The Permanent Peoples' Tribunal is an international human rights organization founded in Bologna, Italy, on June 24, 1979, at the initiative of Senator Lelio Basso. It was formed at the final session of the Russell Tribunal as a vehicle to condemn the brutality of Latin American dictatorships. The court is composed of a president, four vice-presidents, a secretary general and 66 international members. Since its establishment, the Tribunal has held 46 sessions dealing with numerous cases of human rights violations in many countries.

History and functions 
The Permanent Peoples' Tribunal (PPT) began in Bologna in 1979 as a direct continuation of the experience of the Russell Tribunal II with Latin American dictatorships (1974–1976). It was promoted by Lelio Basso to denounce the crimes committed by the military regimes of the region. It soon became a permanent forum of complaint for communities experiencing the absence and impotence of international law. 

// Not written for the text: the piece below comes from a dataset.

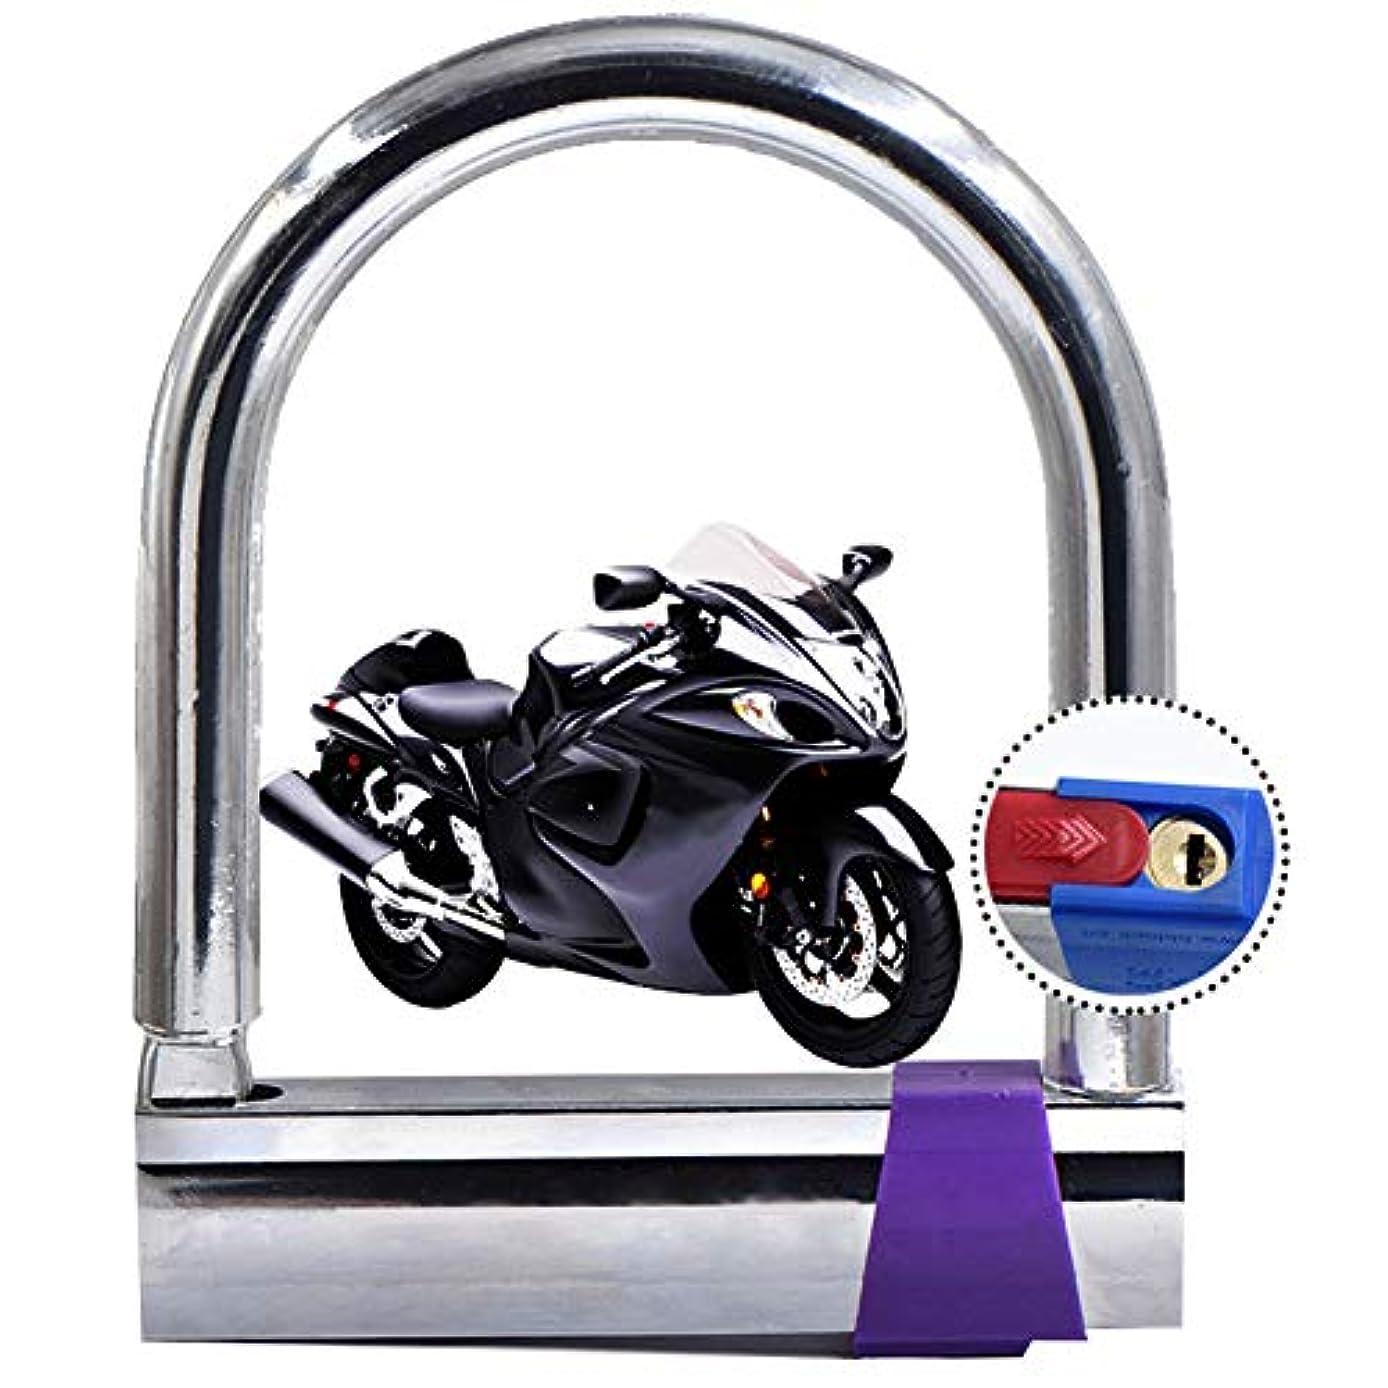 肉の瞑想する電子マウンテンバイクのロック|自転車のロック|アークロック| Uロック|盗難防止ロック| 3つのキーが含まれています|多機能ロック|パープル| 2070 g

The PPT is a grass-root initiative to create an independent tool for researching and promoting the process of liberation and justice for marginalized and oppressed groups. Just as the Russell Tribunal, the existence of the Permanent People's Tribunal is due to the failures of a competent international court to effectively prosecute crimes against humanity. 

The International Criminal Court, founded in 1998, with much larger resources, should have addressed some of the functions carried out by the PPT, but it has often proven either too slow or simply unwilling to perform its functions. The PPT therefore is a means to push judicial courts based on intergovernmental treaties, such as the International Criminal Court and the International Court of Justice,  to do more and reinforce their impartiality.

In terms of competences, the PPT goes beyond the recognition of individual criminal responsibility in order to assess also the responsibility of states, of business corporations and of international organizations. Its aim is to record violations faithfully and push for reparations.

The work of the TPP is based on the principles expressed in the Universal Declaration of the Rights of Peoples proclaimed in Algiers in 1976 and the main international instruments protecting human rights. The historical and geographical context of the Declaration, known as the Charter of Algiers, clearly links the general principles of the Declaration for the liberation struggles—which Resolution 1514 (XV) of the United Nations of 14 December 1960 had already put under the protection of international law—with the understanding that the right to self-determination could not be proclaimed as fulfilled and that it did not involve only the political phase of decolonization.

The scope of the concept of self-determination expressed in the Charter of Algiers must relate to the context and the principle of "freedom" which is not limited to a particular time and place and has, in this case, not an individual but a collective subject which is precisely, the people. In the Charter of Algiers and, therefore, in the Permanent People's Tribunal, the principle of self-determination serves as legal support and target indicator of the struggles of peoples whose sovereignty is at risk due to external and internal forces the Tribunal has documented from 1979 to date. As is the case with the principle of self-determination, the concept of people in the Charter of Algiers is not unique, but rather presents a contextual or political significance not limited to a strict definition by the Declaration, but left to the free interpretation of those who, now and then, have used its principles over the years. According to the Charter, peoples are important collective subjects  but marginalized by a law designed for States as the only recipients of rights, including the individual and collective dimensions in a single legal system serving both individuals and peoples.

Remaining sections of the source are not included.